:: Required action ::
Take the line that contains "Fairisle Knitting Patterns" and each line after it to the end of the material below, and return them exactly, minus the pictures.

Material provided Block Start

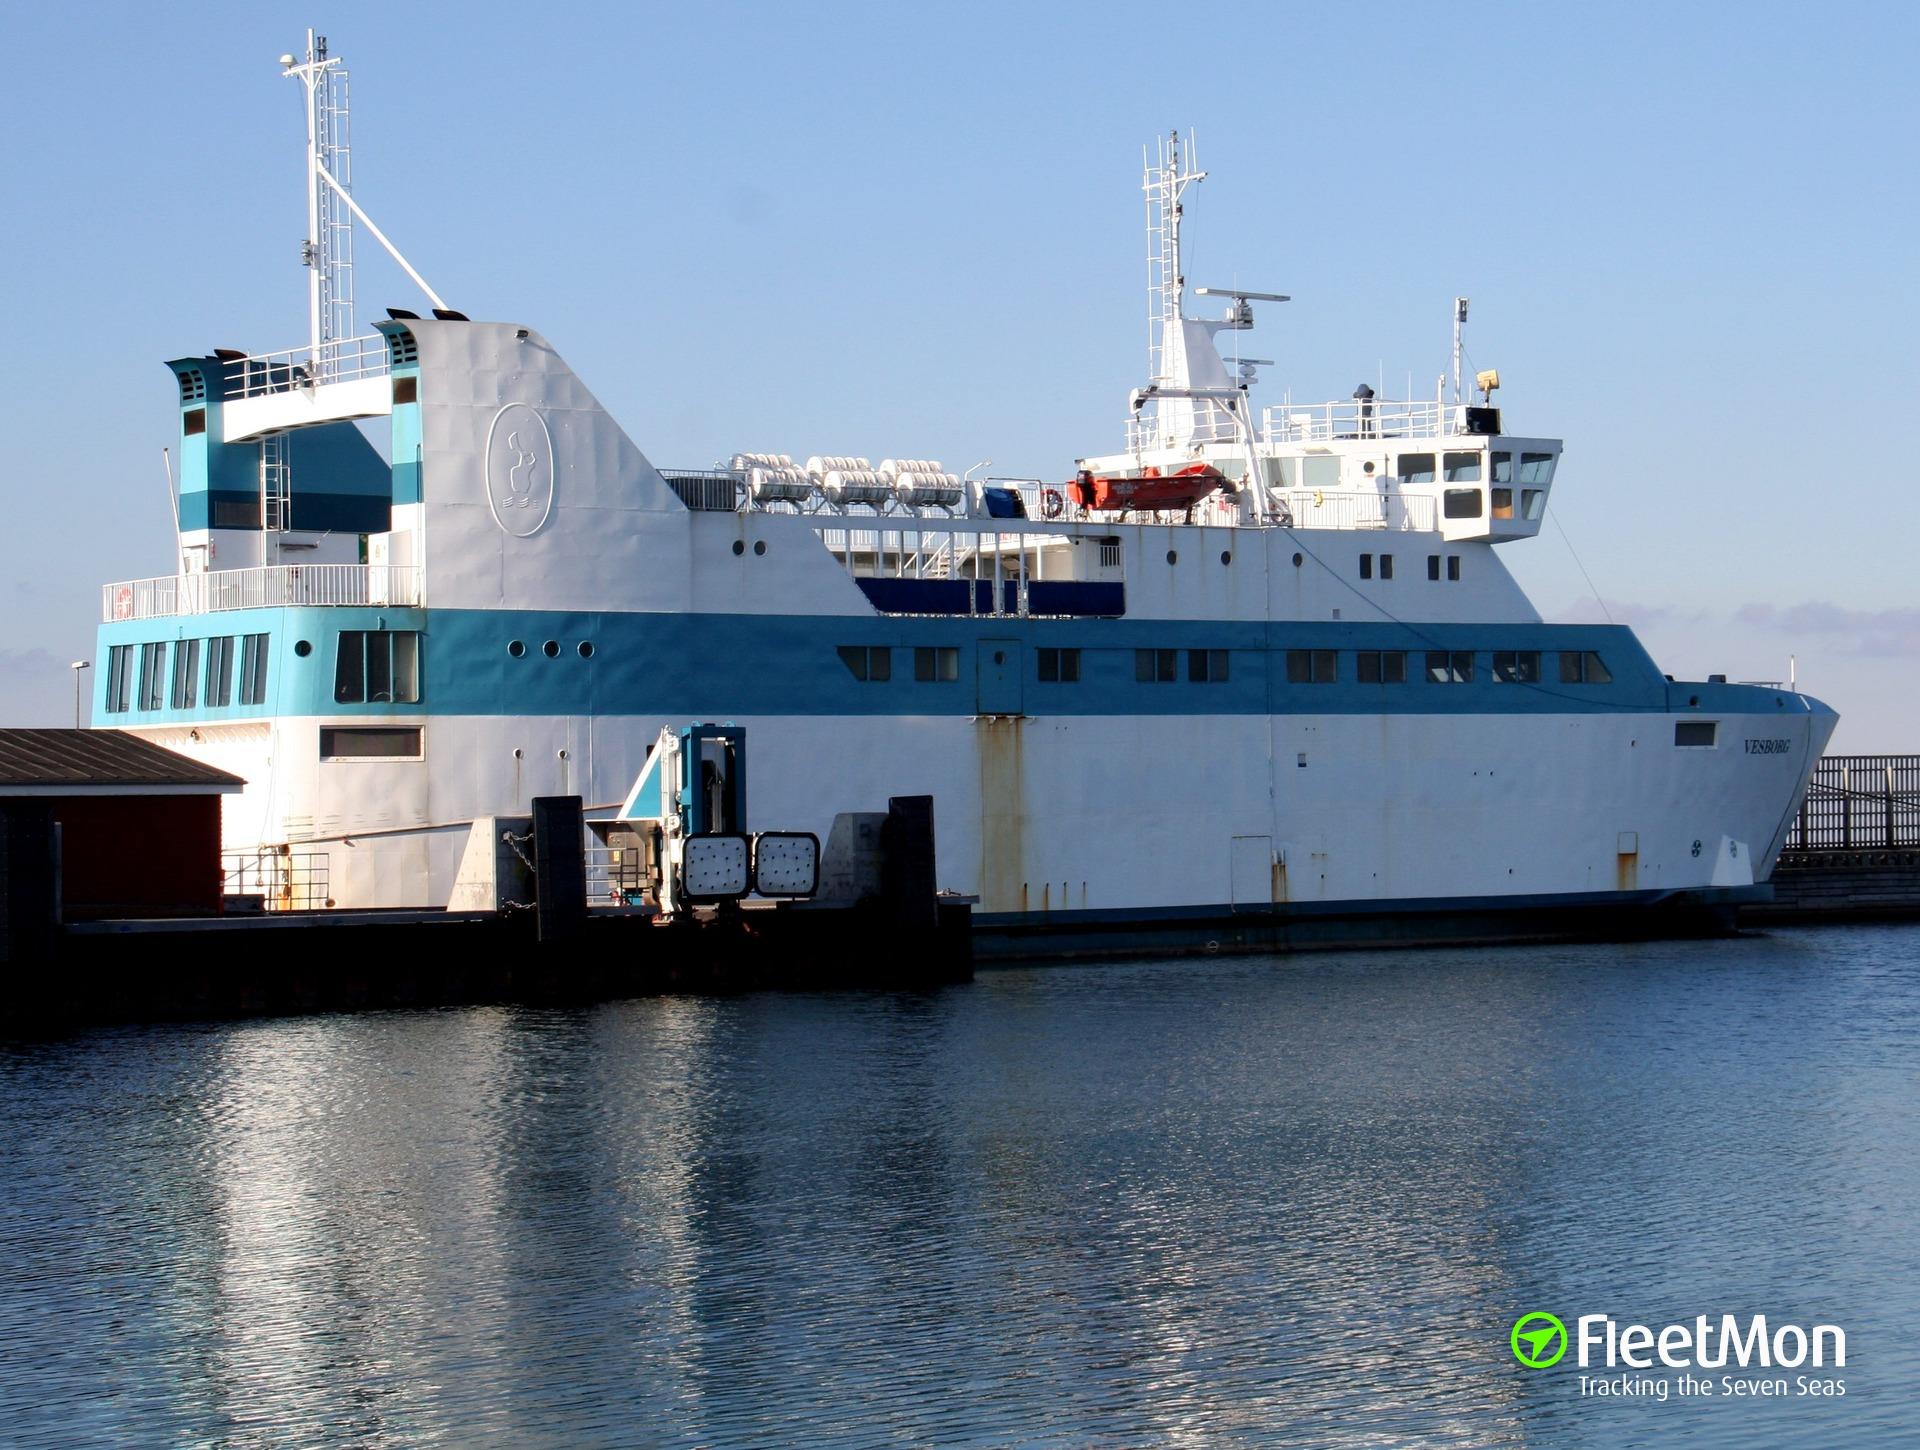 Ferry ANE LAESOE grounding
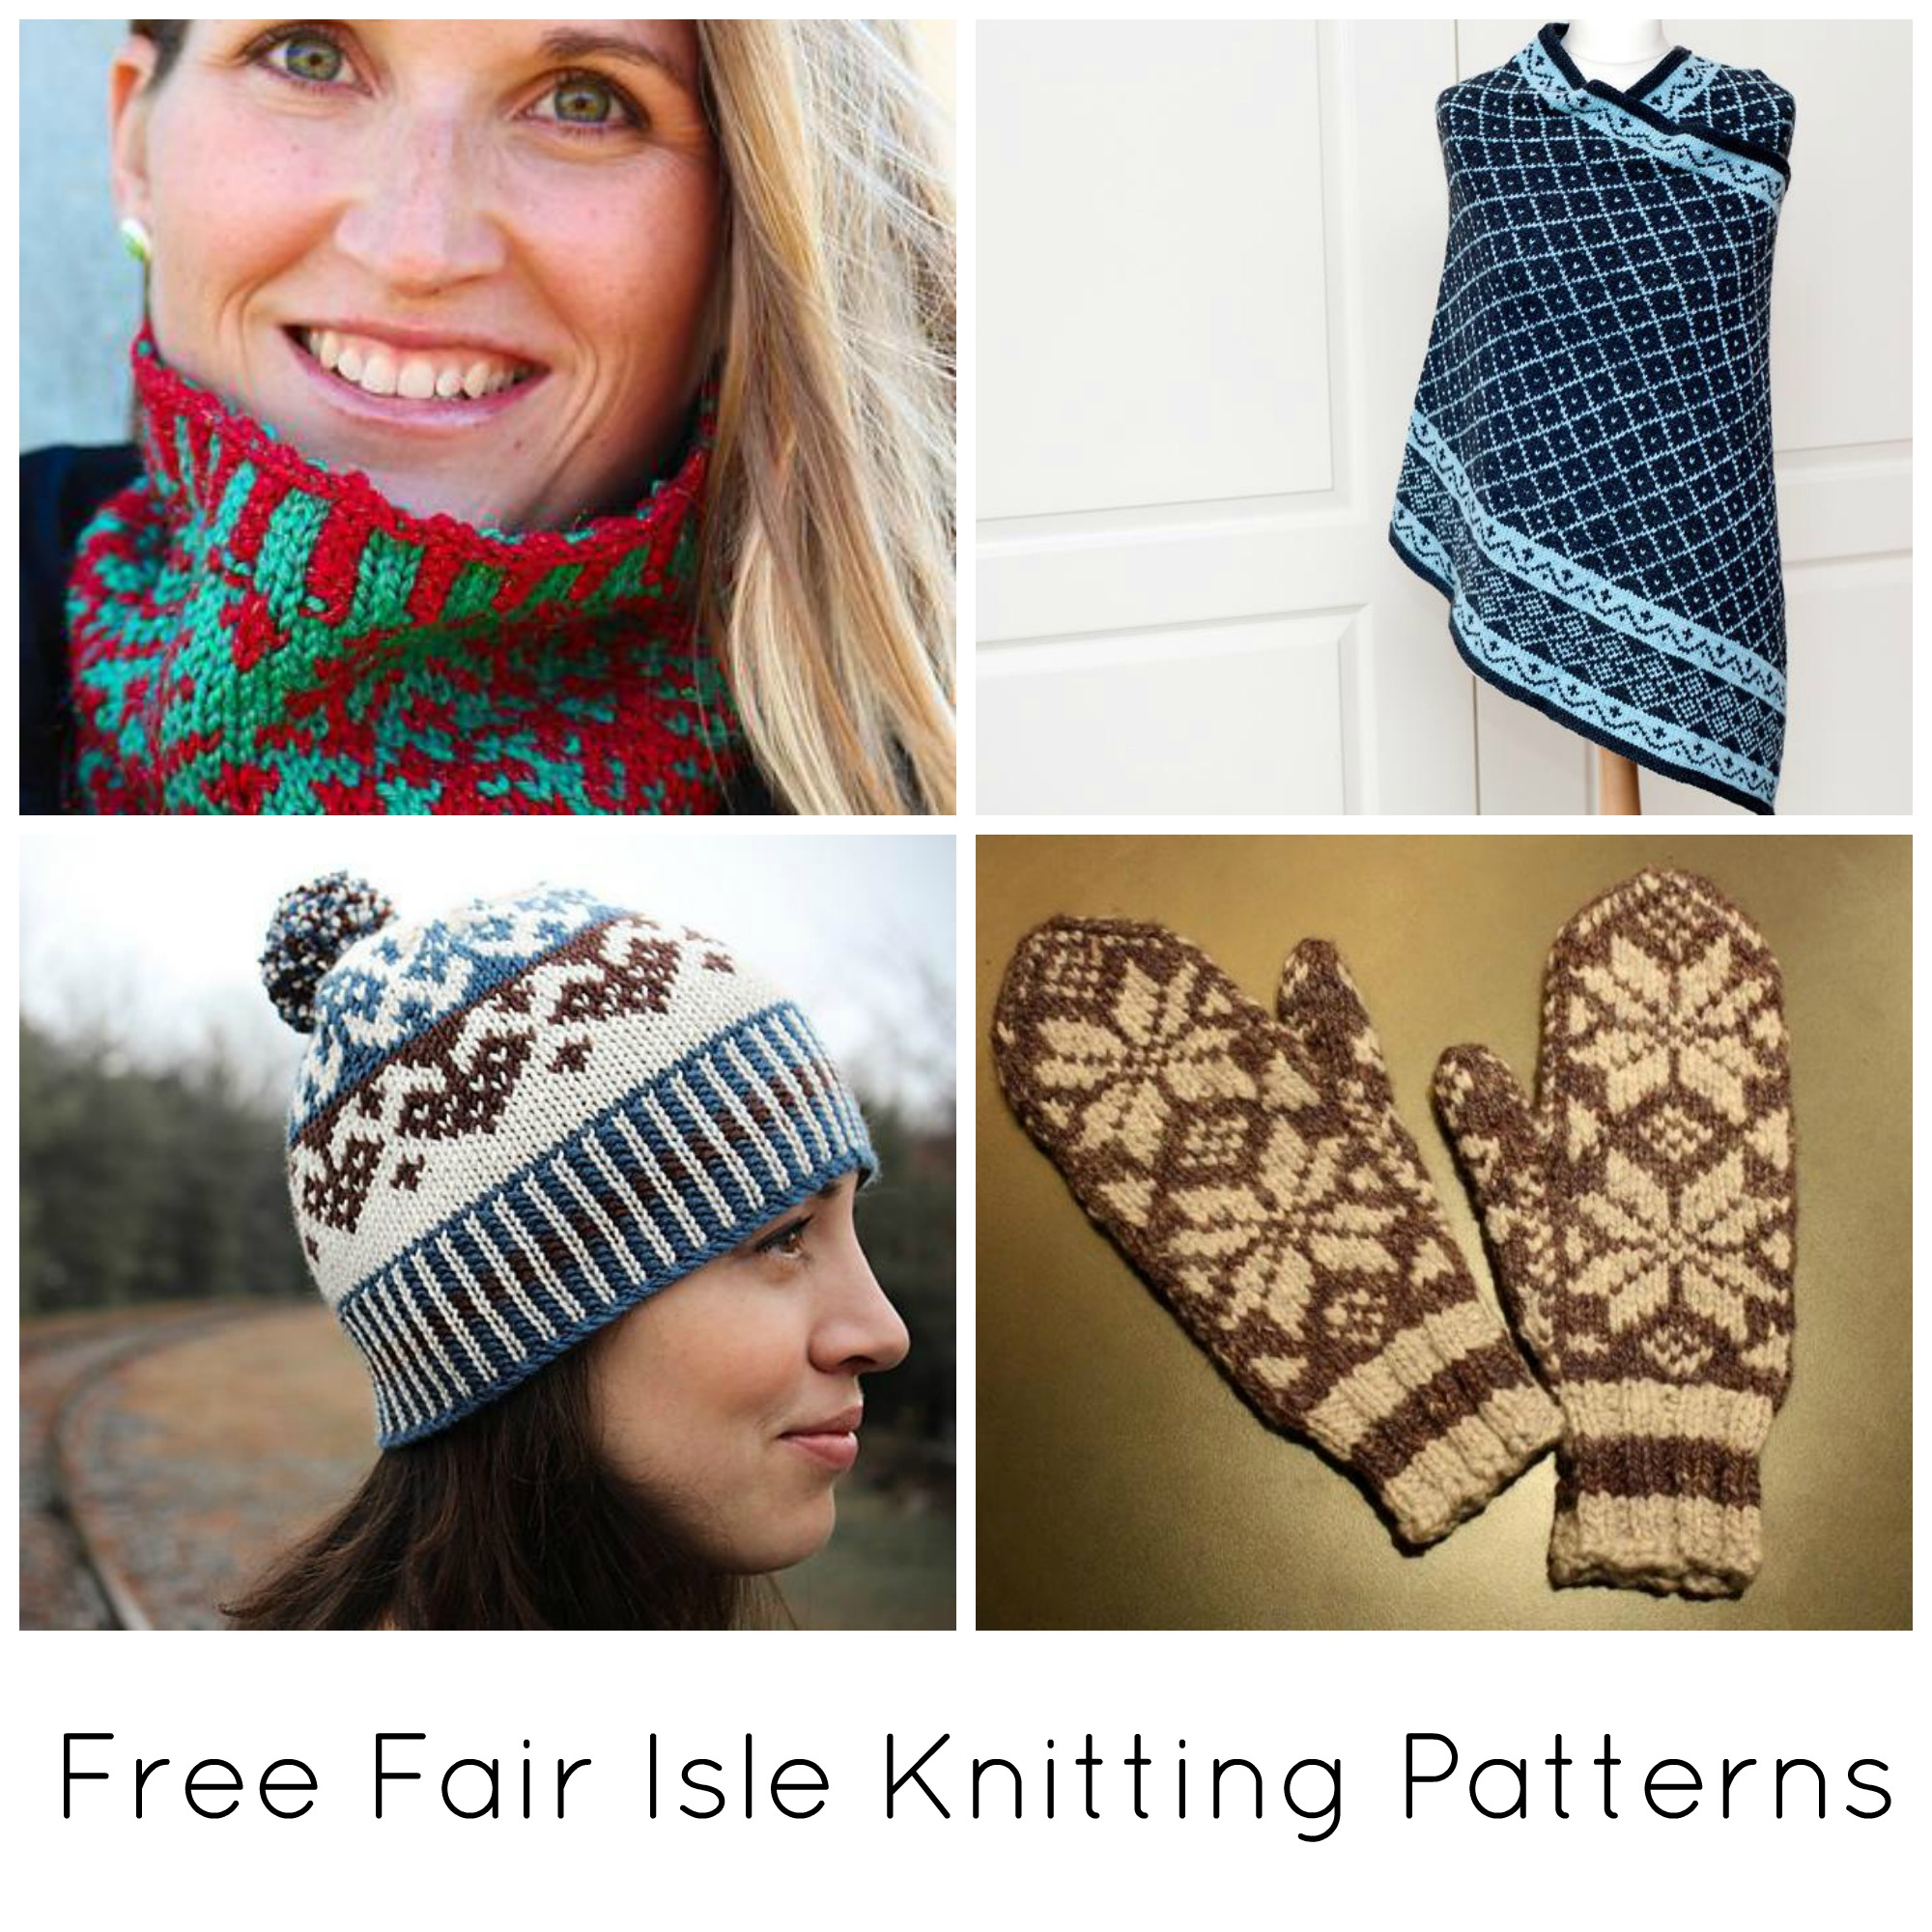 Fairisle Knitting Patterns Free 10 Free Fair Isle Knitting Patterns On Craftsy
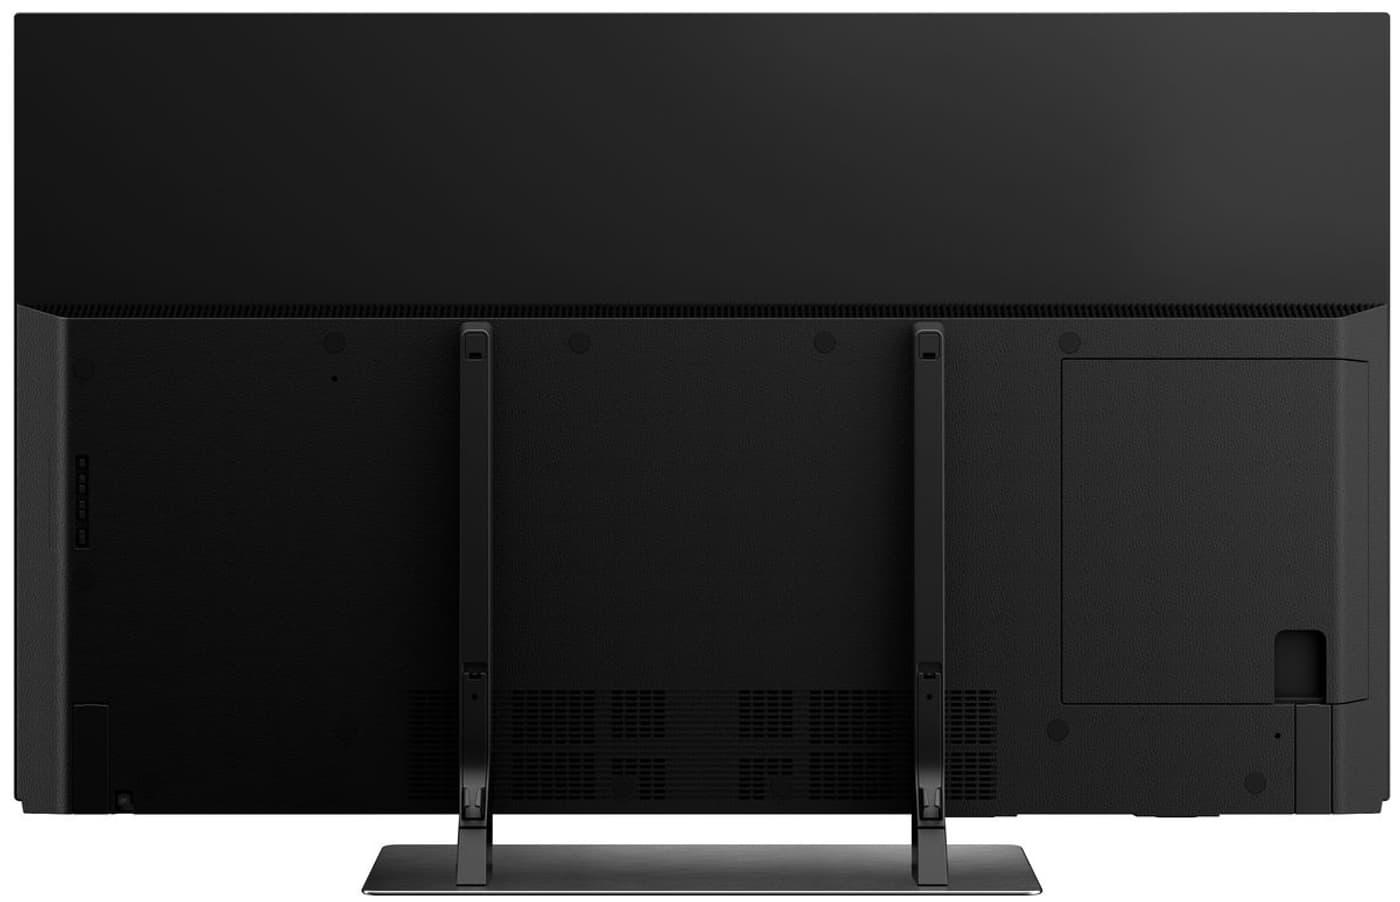 panasonic tx 55ezc954 139 cm 4k oled tv migros. Black Bedroom Furniture Sets. Home Design Ideas

Material provided Block End

:: Expected output ::
 Fairisle Knitting Patterns Free 10 Free Fair Isle Knitting Patterns On Craftsy
 panasonic tx 55ezc954 139 cm 4k oled tv migros. Black Bedroom Furniture Sets. Home Design Ideas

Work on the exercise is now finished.